In his May 23 letter to the editor, “Asheville Needs True Representation,” Ashton Walton stated that “what’s needed is true representation on City Council of all the citizens of all of Asheville.” What Mr. Walton laments is the lack of balanced representation from all major areas of the city in local government. In doing so, Mr. Walton seems to be advocating district elections for City Council.
District elections would help to ensure greater geographic balance on City Council and would give currently underrepresented areas some chance of inclusion in decisions that might affect those areas.
But is a district the correct level of political aggregation for seeking representation? And is a district really a homogeneous political entity? I think a good case, perhaps a sufficient case, can be made in the affirmative. But would district elections in Asheville bring to local governance what Mr. Walton is really seeking—which, I believe, is greater control over the destiny of smaller, distinct areas?
I, too, think that the smaller, distinct areas of town should have more influence on matters of governance and should be empowered to grow, develop and change in ways that best suit the people who actually live in them.
This is why I have advocated in the past the concept of the neighborhood zoning authority. This is where established neighborhoods would have the authority to develop, implement and enforce their own regulatory standards within reasonable boundaries set by the city in a federalist model. This decentralization of government enhances democracy at its proper level and puts more control in the hands of those who must live under it.
Certainly the city does not currently have the statutory authority to delegate regulatory powers. This is a problem stemming from the general absence of home rule in North Carolina. The absence of home rule presents Asheville with a great number of problems, from water negotiations to land-use planning and much more.
However, Mayor Bellamy, in her state-of-the-city address, called for greater neighborhood organization and a stronger sense of community within those neighborhoods. This is a good sign, and I applaud the mayor’s wisdom and foresight.

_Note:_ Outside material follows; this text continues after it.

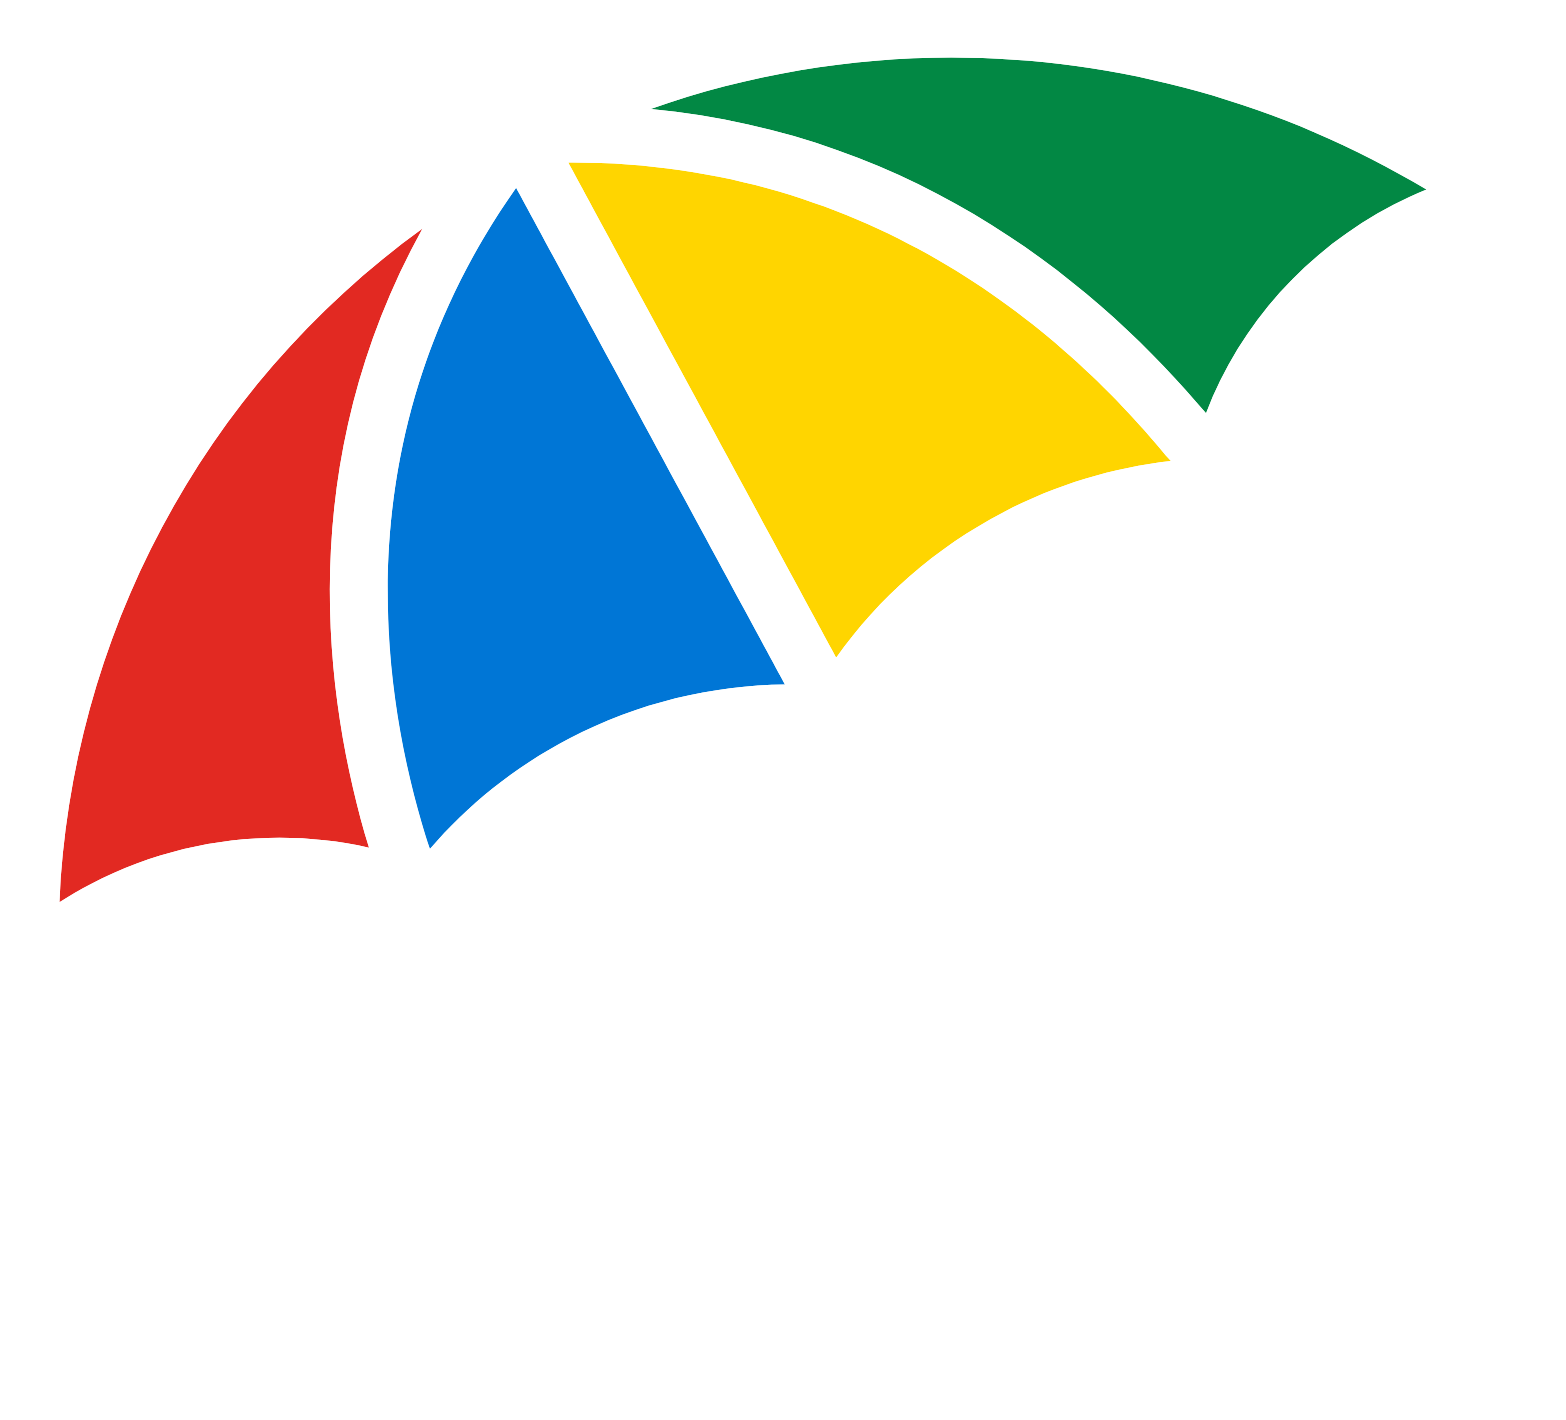 Legal & General logo pour fonds sombres (PNG transparent)
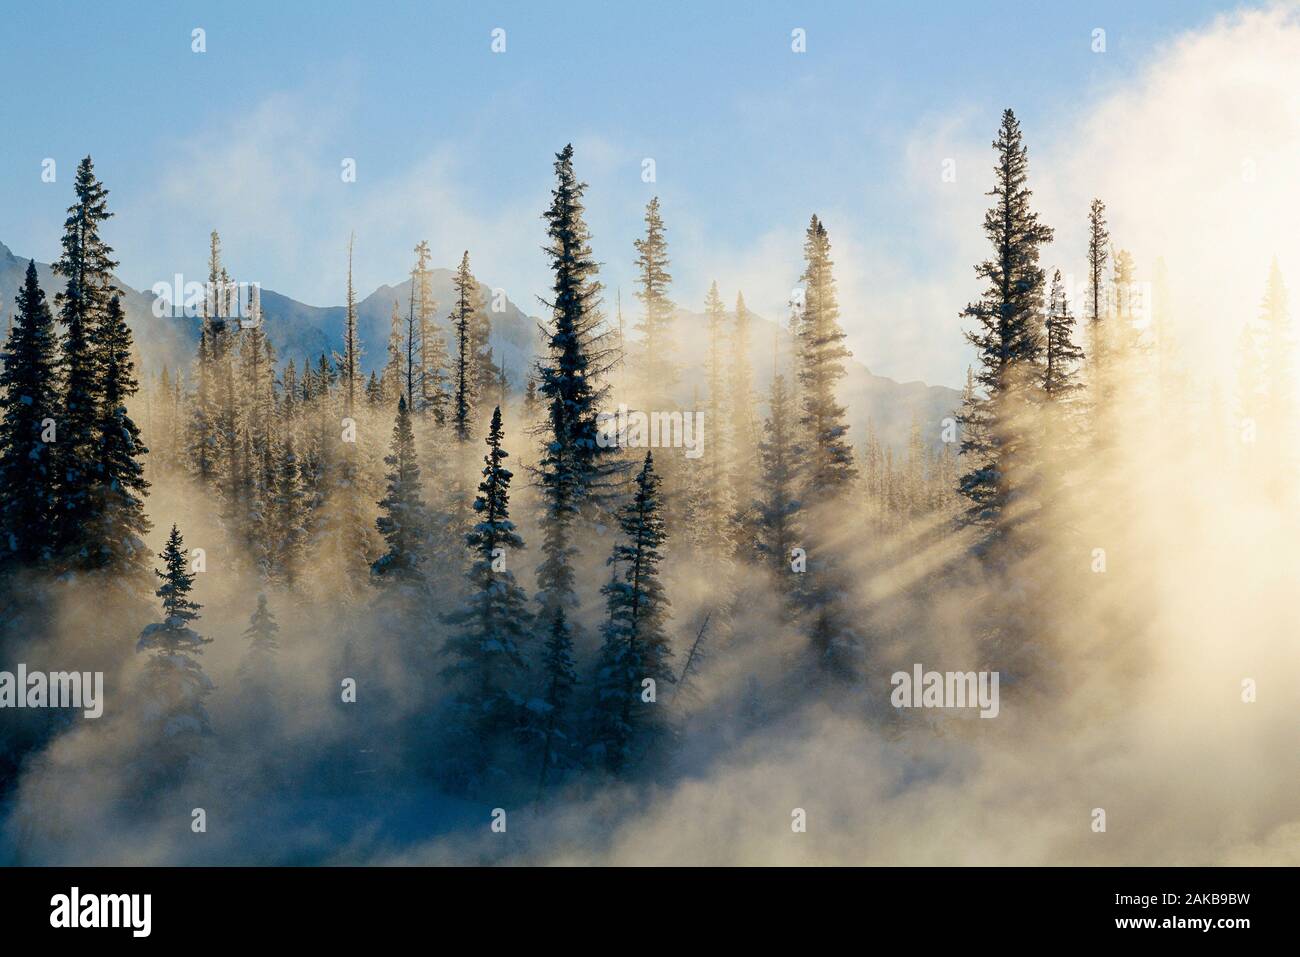 Paysage avec des forêts de conifères dans le brouillard au lever du soleil, Banff National Park, Alberta, Canada Banque D'Images

And the city has plans now to implement small-area zoning as part of its Unified Development Ordinance (UDO) and I think this addition could be a good starting point for recognizing that neighborhoods are unique geopolitical entities that deserve special consideration in the structure and function of local governance.
I believe that the lack of home rule, district representation and neighborhood autonomy, as well as the cynical drive toward partisanship in municipal elections, reflects a serious disconnect between elected officials and the people who have temporarily loaned them their power.
I agree with Mr. Walton that we truly need a “government of the (whole) people.”